From the Pi Coding Agent user's production logs over 30 days:

  • Total queries: 4,200
  • Primary backend success: 96.8%
  • Failover triggered: 3.2% of queries
  • Failover success: 94% of failover attempts
  • Total query failure rate: 0.19% (8 out of 4,200)
  • Median latency: 680ms (parallel reduces perceived latency)
  • P95 latency: 2.1s (failover cases)

Compare this to single-backend performance where the failure rate was 3.2% on the primary alone. The multi-backend approach reduced failures by 94%, from 134 failed queries to 8.

Cost Optimization

Running 2 backends in parallel means paying for 2 queries per search. At $0.005/query, that doubles the search cost to $0.01/search. For 4,200 queries/month, that is $42 versus $21.

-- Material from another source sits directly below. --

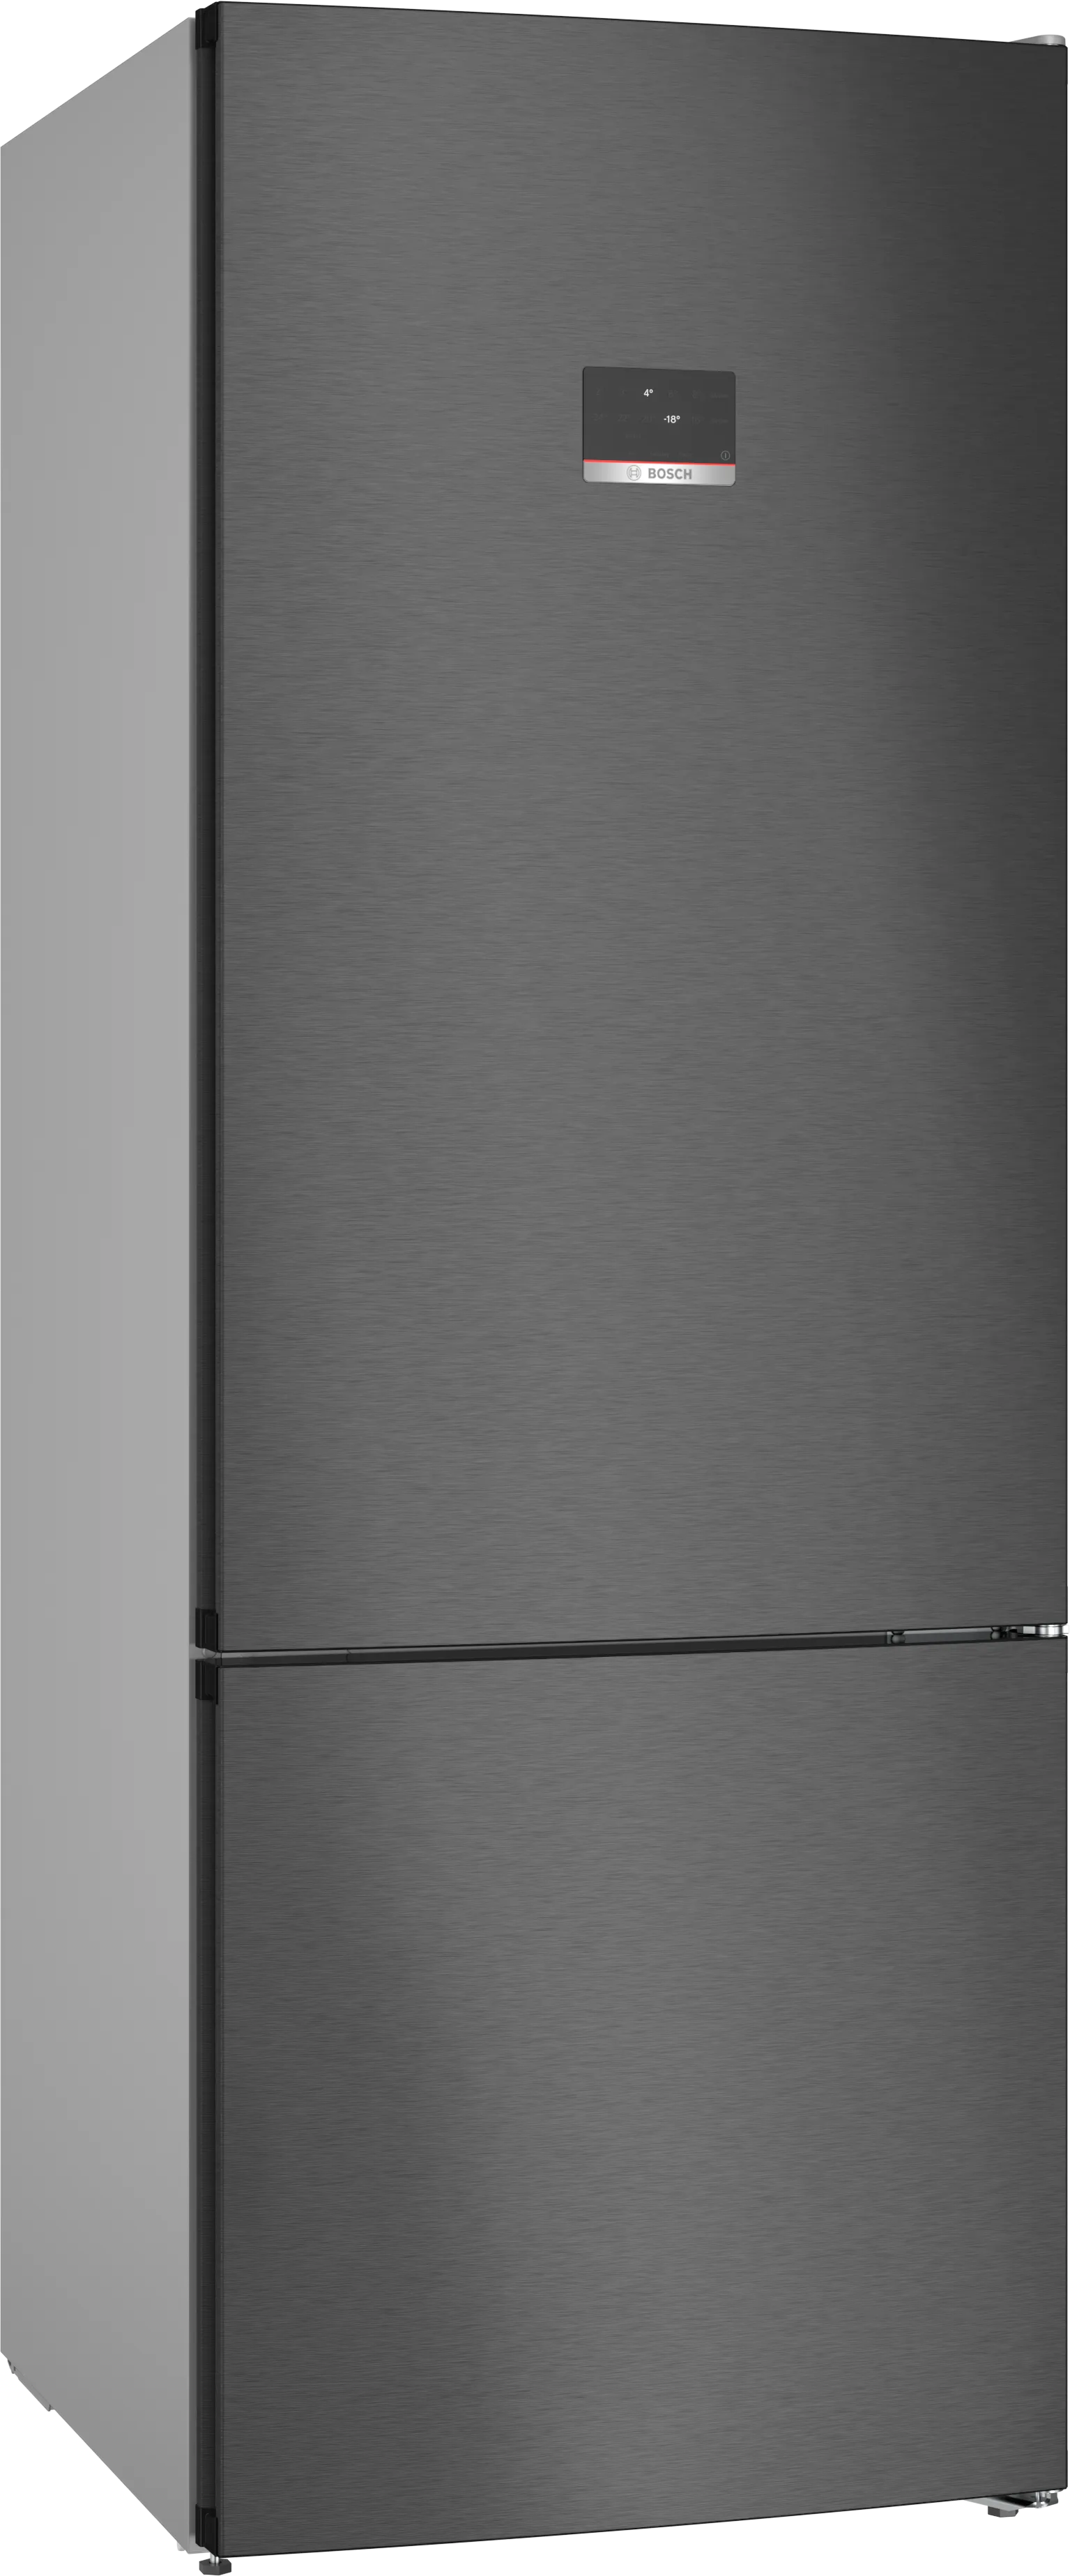 Series 4 free-standing fridge-freezer with freezer at bottom 193 x 70 cm Black stainless steel

A smarter approach: run the primary backend first with a tight timeout (2 seconds), and only start the secondary if the primary fails or is slow. This uses the secondary for only the 3-5% of queries that need failover, reducing total cost to $22-23/month while maintaining the same reliability improvement.

When This Pattern Is Overkill

If you make under 100 queries per day and a single paid API meets your reliability needs, this architecture adds complexity without proportional benefit. The pattern pays off at scale (1,000+ queries/day) or in environments where search reliability directly impacts user experience, like production coding assistants serving a development team.